For the first time in American history, a president is fighting not one, but two wars while actually decreasing government revenue and increasing domestic program spending. This is a formula for unimaginable economic disaster. The end result of this style of economic management is not recession, but depression.
On the bright side, history teaches that the sure cure for a depression is a big war. Unfortunately, American forces are currently so over-extended that there's no guarantee that an effective war could be fought, without anarchy consuming Iraq, Bosnia and Kosovo. And wars in Iran and Korea are becoming more likely with each passing week.
The speech was not without its notes of irony.

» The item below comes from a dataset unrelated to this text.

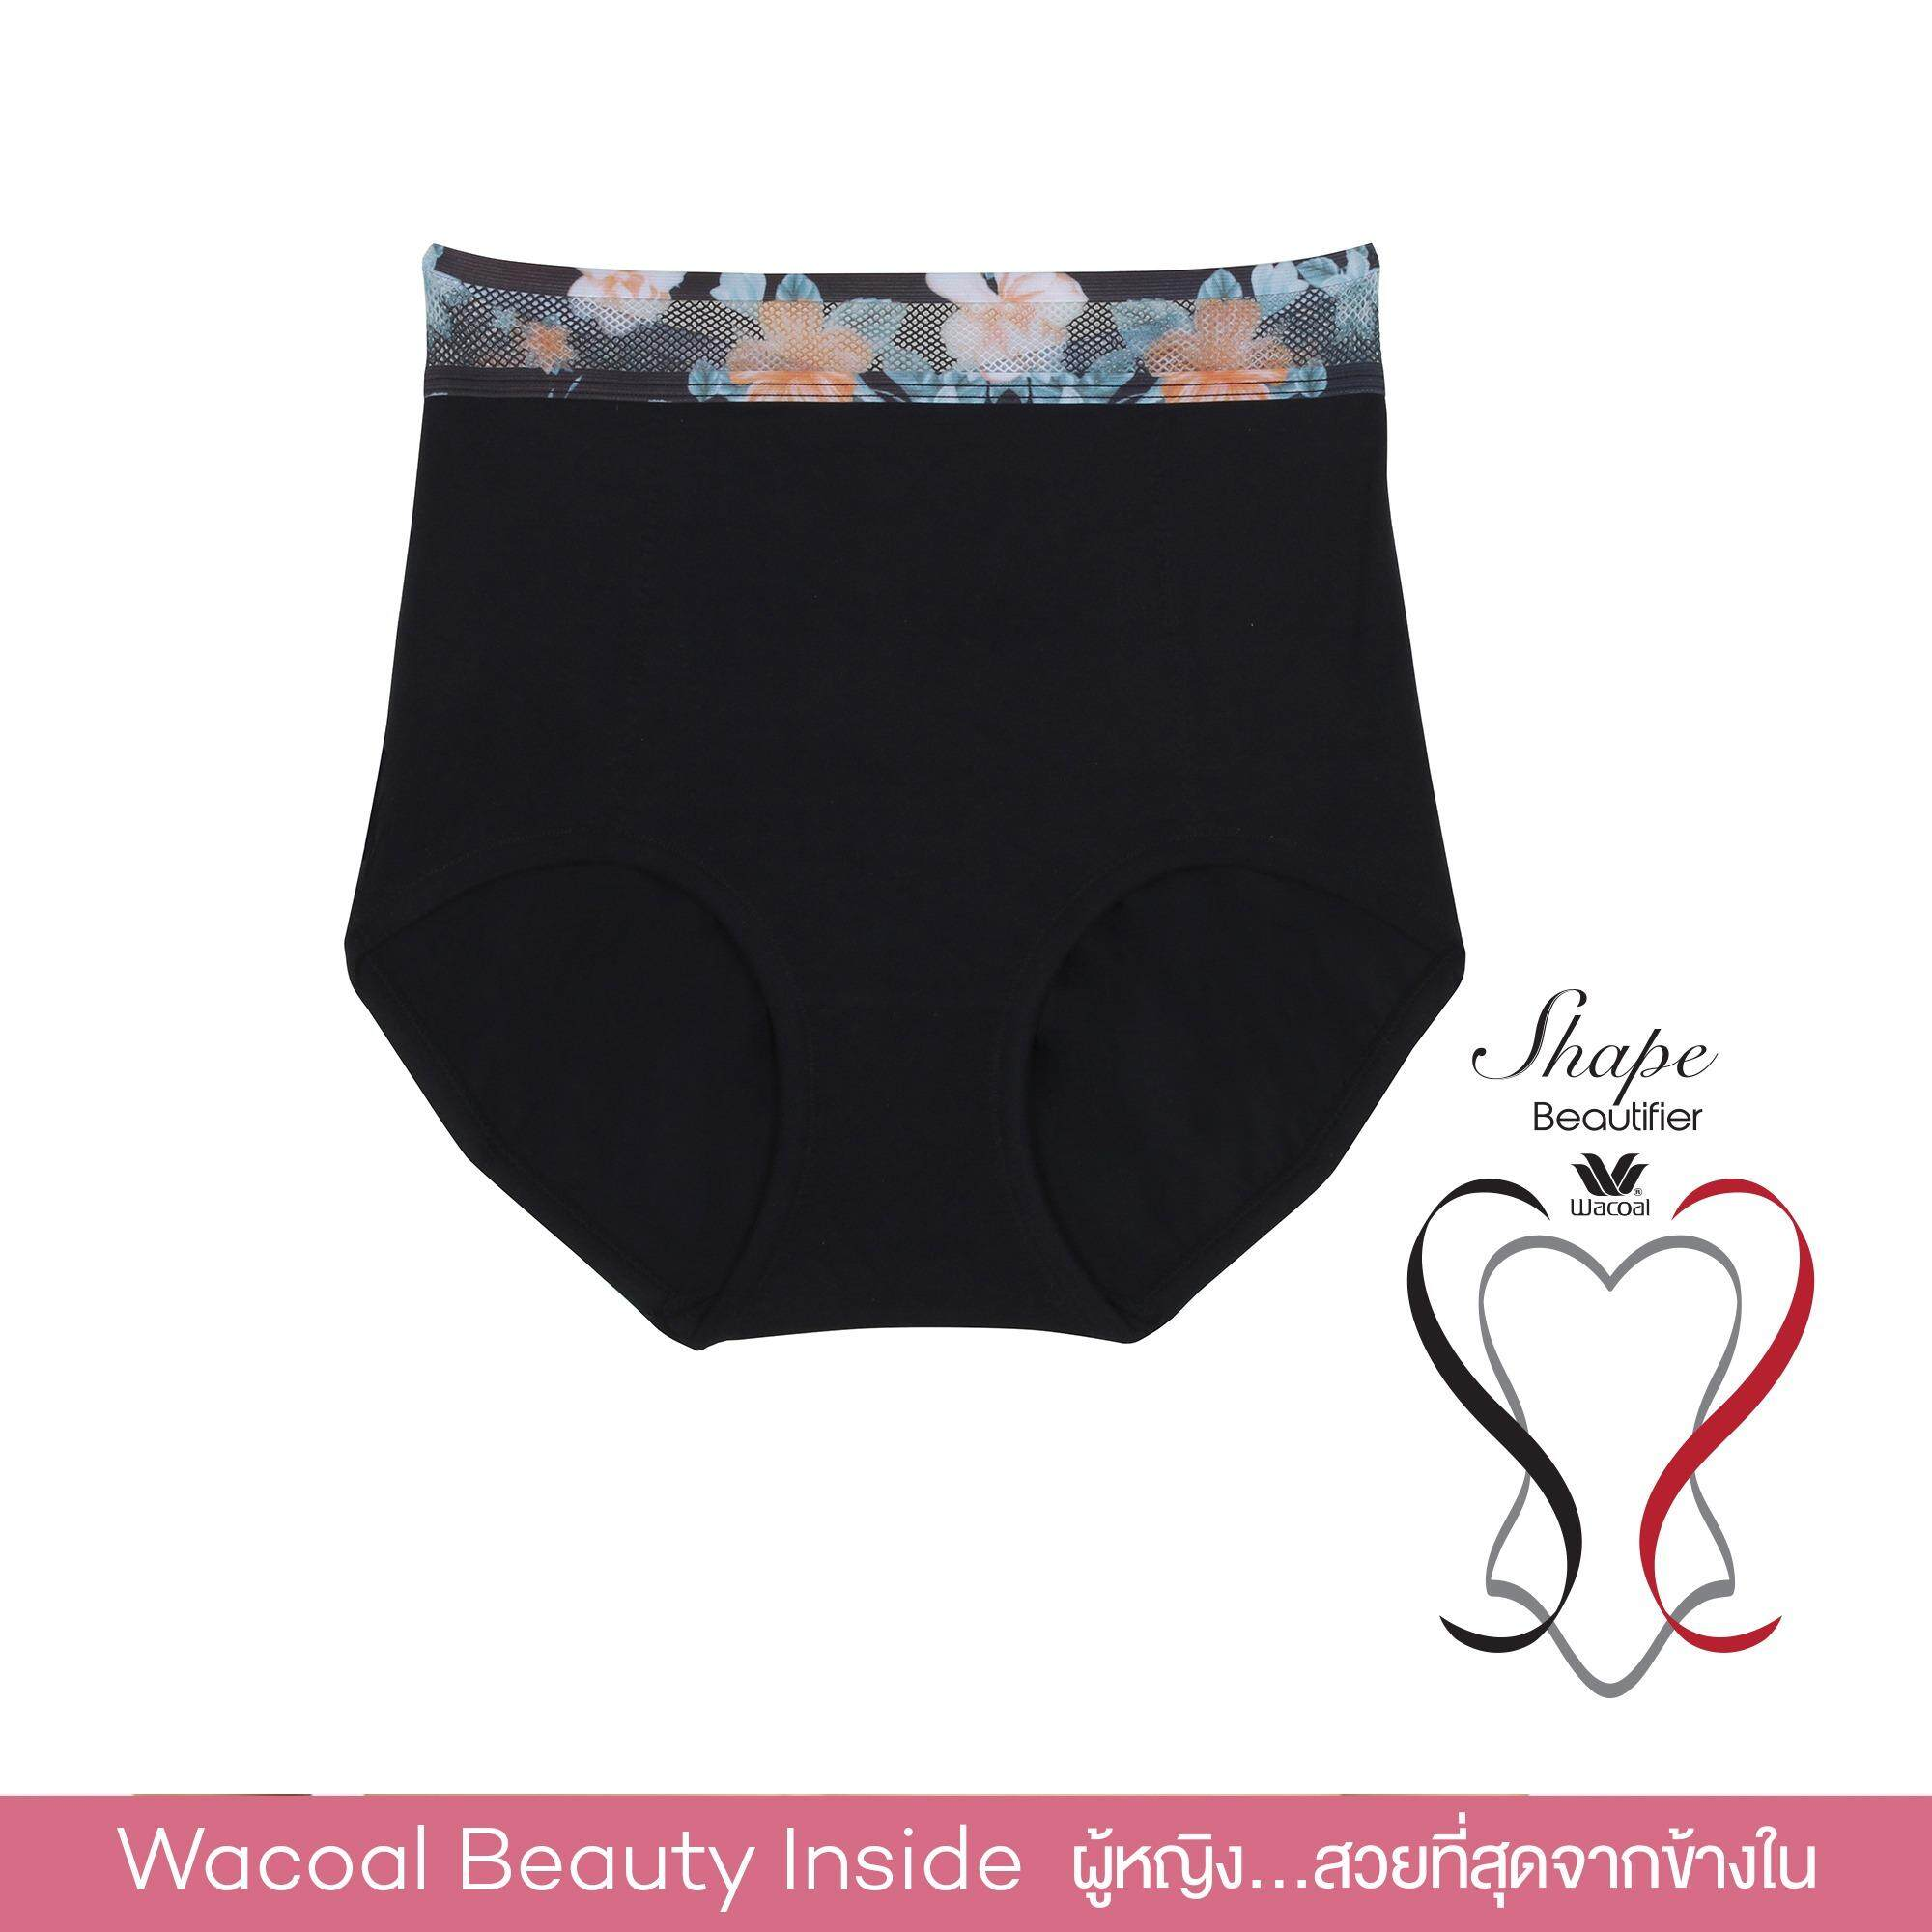 Wacoal Pants กางเกงเก็บกระชับ สีดำ Black Wy1298Bl ถูก

The President said "to create jobs, my plan will encourage investment and expansion by restraining federal spending..." One can reasonably ask when that restraint will begin.
Perhaps the most ironic moment, not only of the speech, but of the entire week, was when the President chided Senator Kerry's "conservative values."
My opponent recently announced that he is the conservative -- the candidate of "conservative values," which must have come as a surprise to a lot of his supporters. There's some problems with this claim. If you say the heart and soul of America is found in Hollywood, I'm afraid you're not the candidate of conservative values. If you voted against the bipartisan Defense of Marriage Act, which President Clinton signed, you are not the candidate of conservative values. If you gave a speech, as my opponent did, calling the Reagan presidency eight years of "moral darkness," then you may be a lot of things, but the candidate of conservative values is not one of them.
Proposing to bankrupt the most productive nation in human history doesn't exactly make one the "candidate of conservative values" either. Of course, John Kerry can't point this out because his agenda is just as fantastically irresponsible as the President's.
Conservatives have traditionally stood for freedom, both economic and personal. In advocating the largest government intervention in the economy since 1936, George Bush has demonstrated that he is not the candidate of conservative values. In expanding the government in ways that the most liberal of Democrats couldn't dream possible, George Bush has demonstrated that he is not the candidate of conservative values. In promising to impose activist judges to limit the reproductive freedoms of America's women, George Bush has demonstrated that he is not the candidate of conservative values. In pledging to save marriage from homosexuals who want nothing more than to be married, George Bush has demonstrated that he is not the candidate of conservative values.
To paraphrase the President of the United States, George Bush may be a lot of things, but the candidate of conservative values is not one of them.